Learning to say “NO,” or simply being willing to do what God has called me to do despite it not making sense to anyone else, has been daunting to say the least.


Over the past several months, God has tasked me with something that completely goes against how I typically respond—putting what He has told me to do above how it looks to the outside and even how it feels to me, and boy has this season been something else! I knew there would be several emotions that would come to the surface, but the most surprising of them all was the grief.


This caused me to reflect on how Jesus felt the night before His crucifixion.


“And He was withdrawn from them about a stone’s throw, and He knelt down and prayed, saying, ‘Father, if it is Your will, take this cup away from Me; nevertheless, not My will, but Yours, be done.’ Then an angel appeared to Him from heaven, strengthening Him. And being in agony, He prayed more earnestly. Then His sweat became like great drops of blood falling down to the ground.” (Luke‬ ‭22‬:‭41‬-‭44‬ ‭NKJV)‬‬


I surmised that although Jesus was probably in deep anguish, grieving what was about to take place and even who was part of fulfilling what God called Him to do, an angel of the Lord visited Him to strengthen Him in the process of obedience; not to give Him a way out.

The same has been true for me. God has not delivered me from what He has called me to; instead, I have been strengthened and limped my way towards learning just how important peace is while in it.


Jesus was NOT relieved of His assignment—He was strengthened in it. Even still, He was FULLY aware of the pressure and pain of what was about to happen, thus He continued agonizing in prayer. However, He was obedient unto death!

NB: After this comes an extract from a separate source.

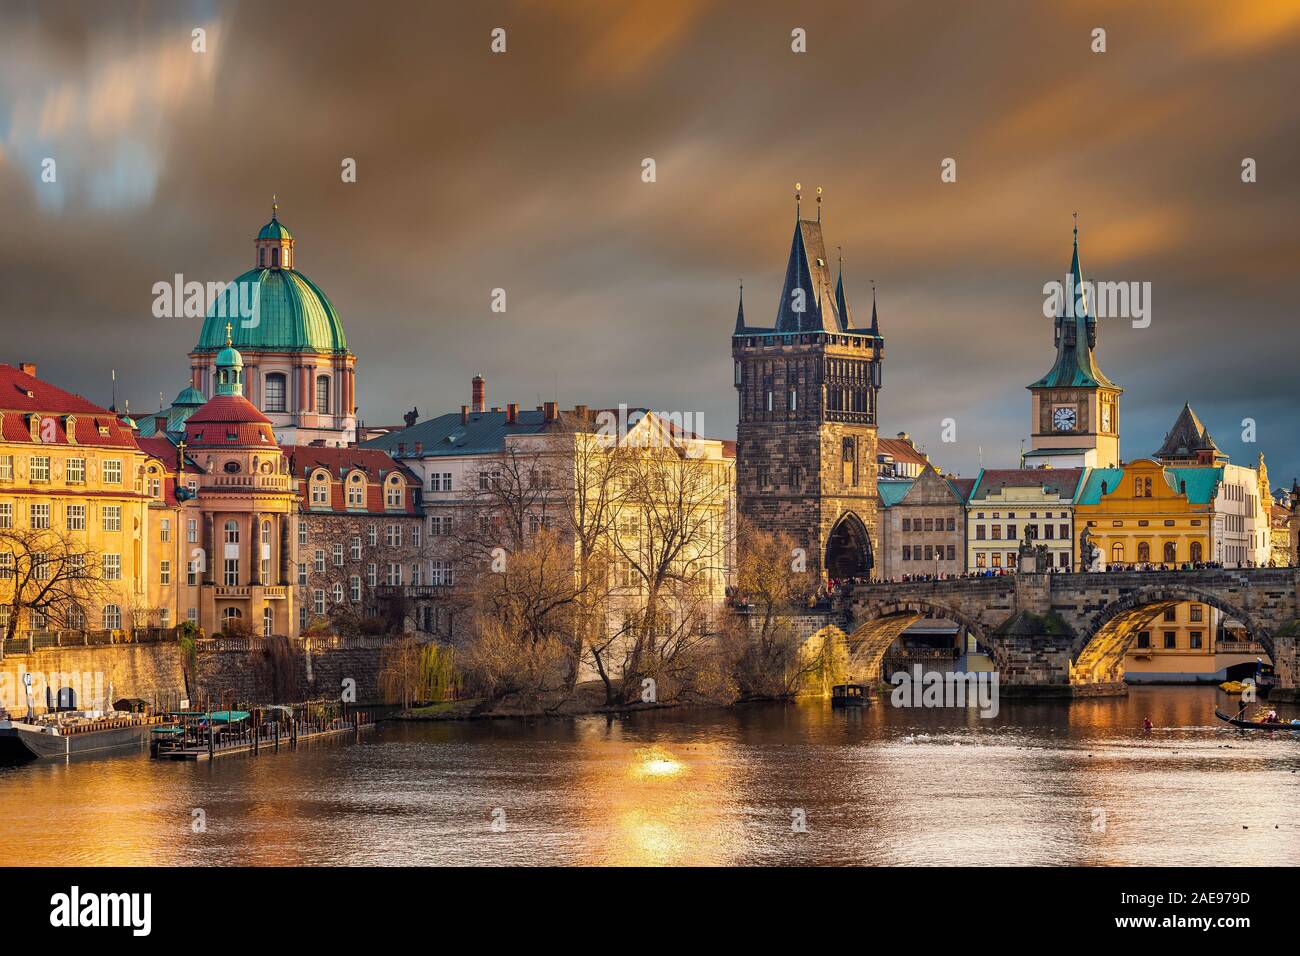 Prag, Tschechische Republik - Die weltberühmte Karlsbrücke (Karluv most) mit St. Francis von Assisi Kirche und Uhrturm mit wunderschönen Golden Sunset l Stockfoto

The reality of what He was facing/about to face was an impossible situation to manage in His own strength. Without being strengthened in it, He might’ve succumbed to the pressure/pain and never submitted to the process.


I am learning that it is not enough to say “YES” to God; we MUST keep our eyes fixed on Him and in constant communion with Him, because though in our hearts we may desire to please Him, we are finite beings wrapped in sinful flesh, thus lacking within our person—absent the Holy Spirit—what is NEEDED to fulfill God’s call on our lives.


Truth is that obedience will cost you something. It will cost you pride; it will cost you the right to self-depend and/or self-defend, and often that cost will require that you let earthly people down in order to fully obey God.


Submitting to God’s instructions completely is the only way… NOTHING else will do.


So, I want to leave you with this:


God's perfect will is not up for negotiation. Not the parts that feel good, not the parts that make sense to everyone watching, not the parts that cost us nothing; all of it. There is no version of obedience that lets us keep one hand on the wheel.


If God has shown you what He’s asking of you, stop weighing it against what it will cost you to obey, and surrender to what it will cost you not to.


Surrender isn’t a single decision you make once. It’s the daily posture of laying down what you think you understand and trusting that the One who calls you is also the One who will strengthen you in it.


Sis, use what’s in your hands! God isn’t waiting for you to become capable on your own before He moves; He already knows you can’t do this alone. That’s exactly why He wants to partner with you in it, not sit back and watch you struggle to fulfill His will by yourself.


What is God asking you to surrender completely today; not partially, not eventually, but now? Sit with that question. Bring it to Him in prayer. And then obey, even before it makes sense.


Remember, God is not asking for your obedience because you can do it on your own, He wants to partner with you for His glory.